The characteristic polynomial of $A$ is $\chi_A(t) = \det(tI - A)$, a monic polynomial of degree $n$ (expand $\det(tI - A)$ along any row: the leading term comes from the product of the diagonal entries $\prod_i (t - A_{ii})$, contributing $t^n$). Under our running assumption that the scalar field is $\mathbb{C}$ (or more generally a splitting field for $\chi_A$), $\chi_A$ factors completely into linear factors by the [Fundamental Theorem of Algebra](/theorems/347):
\begin{align*}
\chi_A(t) = \prod_\lambda (t - \lambda)^{M_\lambda},
\end{align*}
where the product ranges over the distinct eigenvalues and $M_\lambda$ is by definition the multiplicity of $\lambda$ as a root. Matching degrees on both sides,
\begin{align*}
n = \deg \chi_A = \sum_\lambda M_\lambda.
\end{align*}
(If the scalar field were $\mathbb{R}$ and $\chi_A$ did not split over $\mathbb{R}$ — for example, $A = \begin{pmatrix} 0 & -1 \\ 1 & 0 \end{pmatrix}$, whose characteristic polynomial is $t^2 + 1$ — then $A$ has no real eigenvalues, $\sum_\lambda M_\lambda = 0 \ne n$, and $A$ is not diagonalisable over $\mathbb{R}$. The statement of the theorem, with the $\sum_\lambda M_\lambda = n$ identity, implicitly assumes this splitting.)
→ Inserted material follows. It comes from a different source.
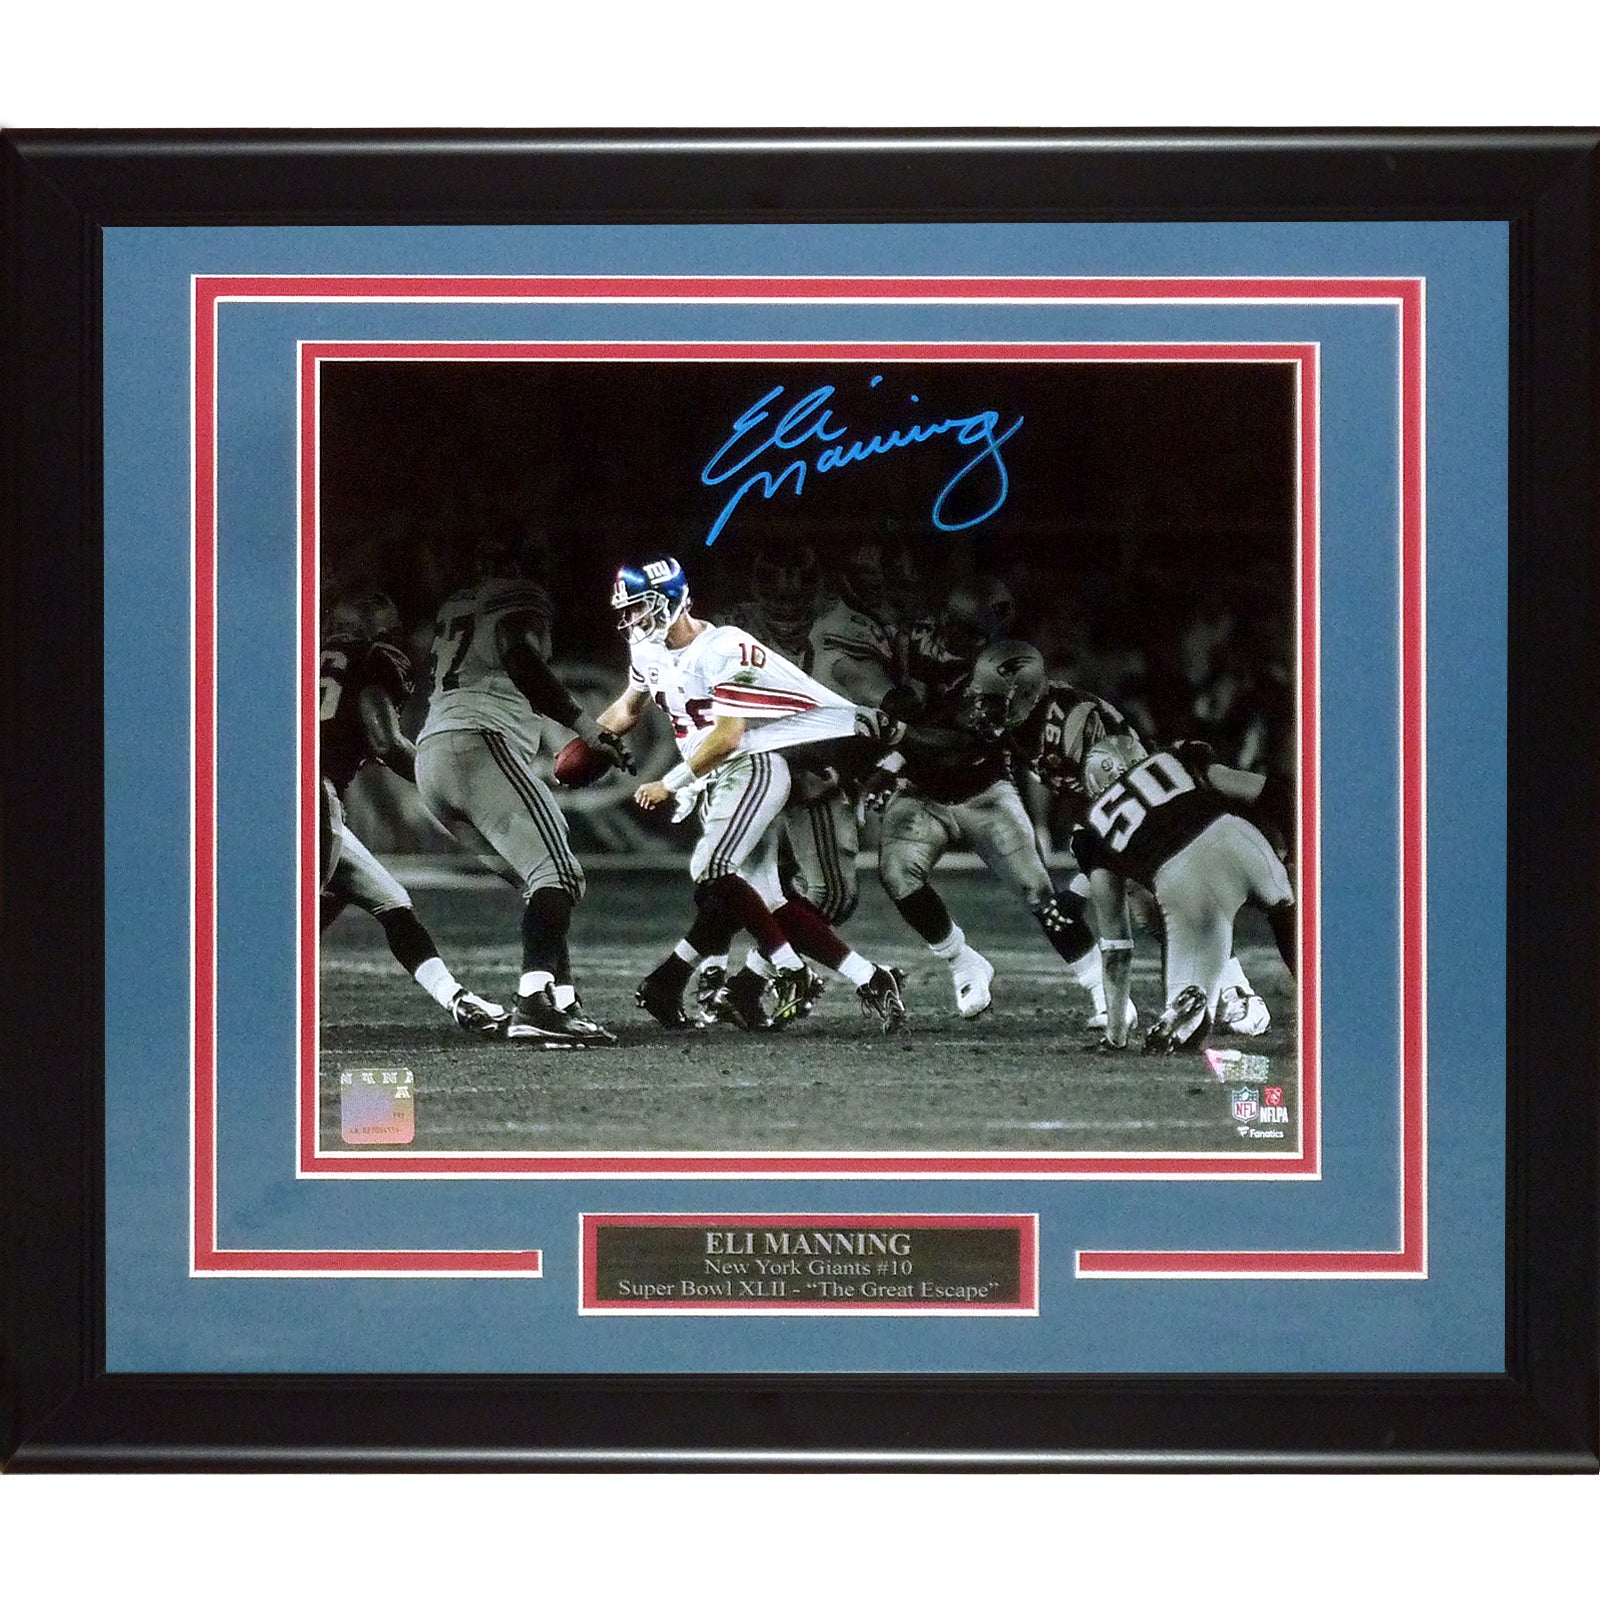 Eli Manning Autographed New York Giants (Super Bowl XLII Escape) Deluxe Framed 11x14 Photo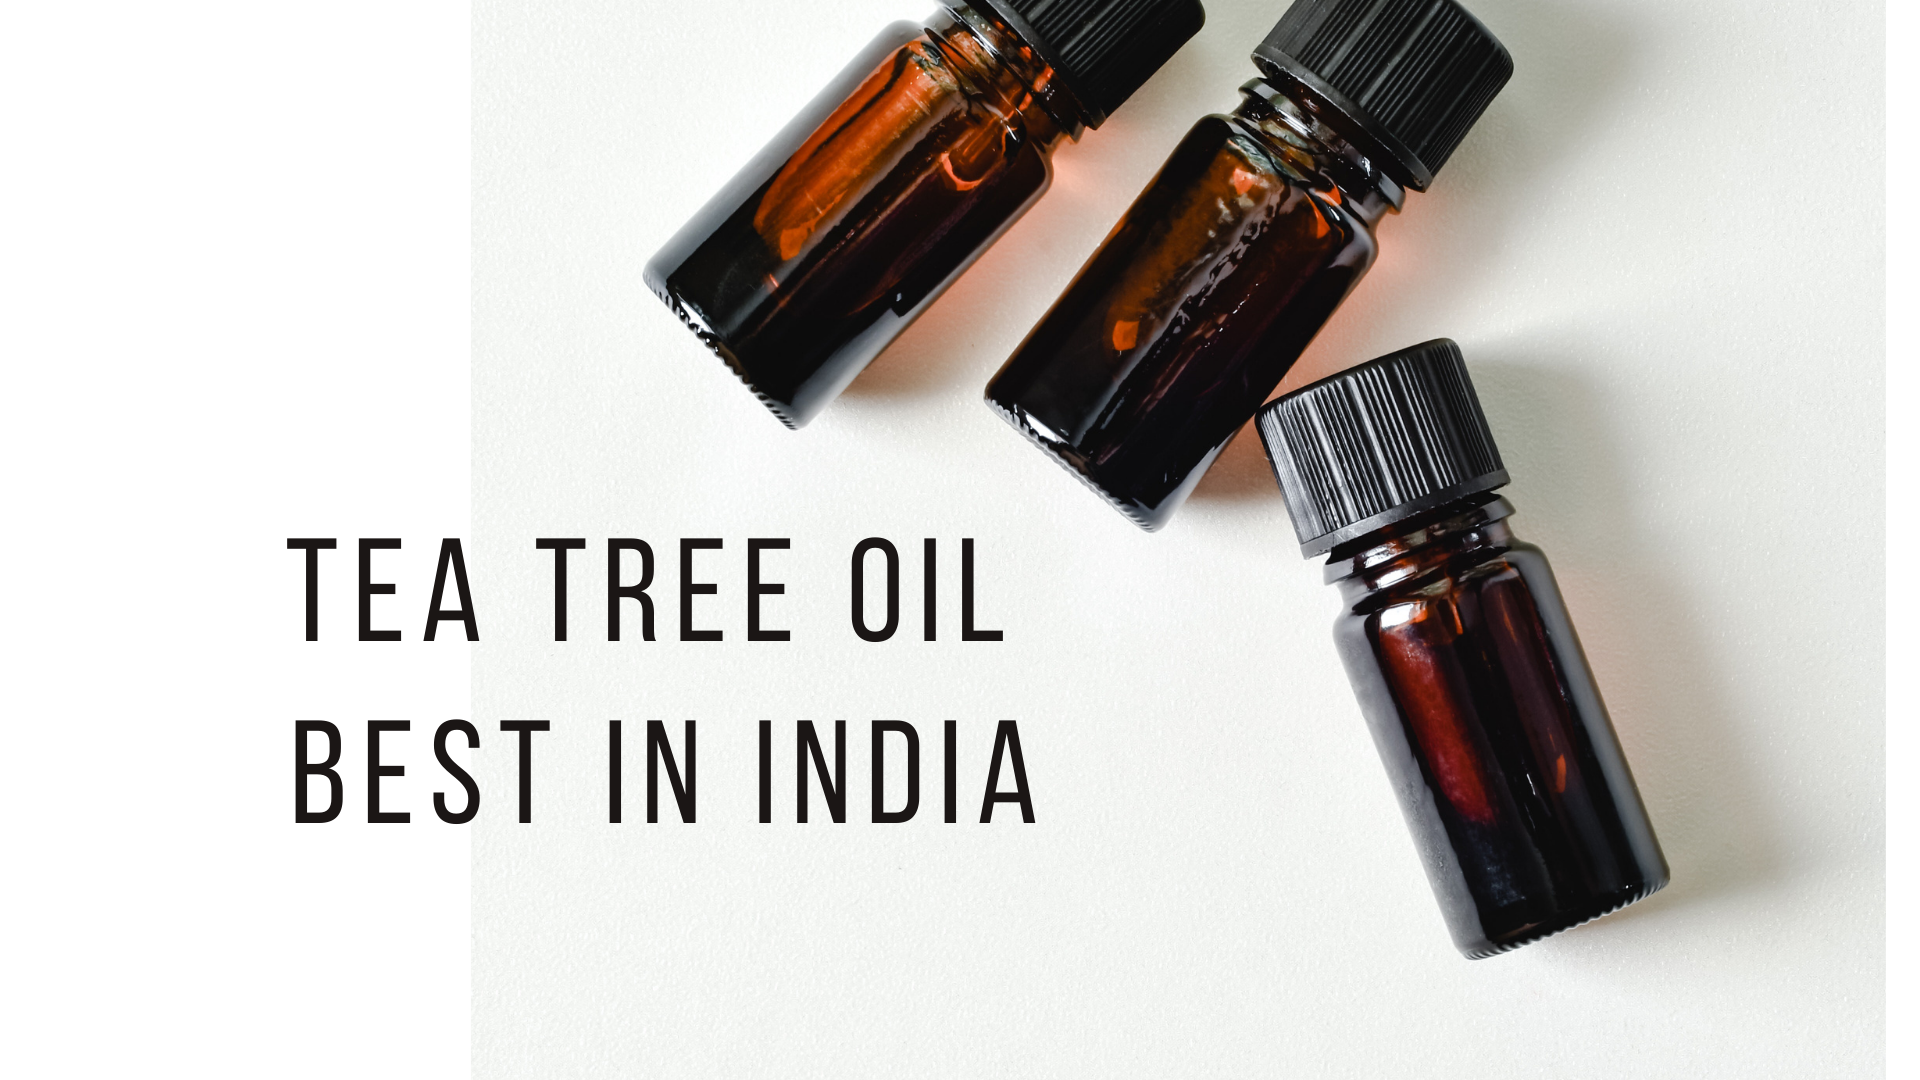 16 Best Tea Tree Oil In India - Top Brands, Its Usage And Benefits

Second, for every eigenvalue $\lambda$,
\begin{align*}
m_\lambda \le M_\lambda,
\end{align*}
by the [Geometric Multiplicity Bounded by Algebraic Multiplicity](/theorems/919). This is the only point where the interaction between the eigenspace and the characteristic polynomial is used. Summing over $\lambda$:
\begin{align*}
\sum_\lambda m_\lambda \le \sum_\lambda M_\lambda = n.
\end{align*}
The sum $\sum_\lambda (M_\lambda - m_\lambda)$ is a sum of nonnegative terms — it equals zero iff every term equals zero. Hence
\begin{align*}
\sum_\lambda m_\lambda = n \iff M_\lambda - m_\lambda = 0 \text{ for every } \lambda \iff m_\lambda = M_\lambda \text{ for every } \lambda.
\end{align*}
Chaining with the previous step,
\begin{align*}
A \text{ is diagonalisable} \iff \sum_\lambda m_\lambda = n \iff m_\lambda = M_\lambda \text{ for every eigenvalue } \lambda,
\end{align*}
which is the statement of the theorem.
[/guided]
[/step]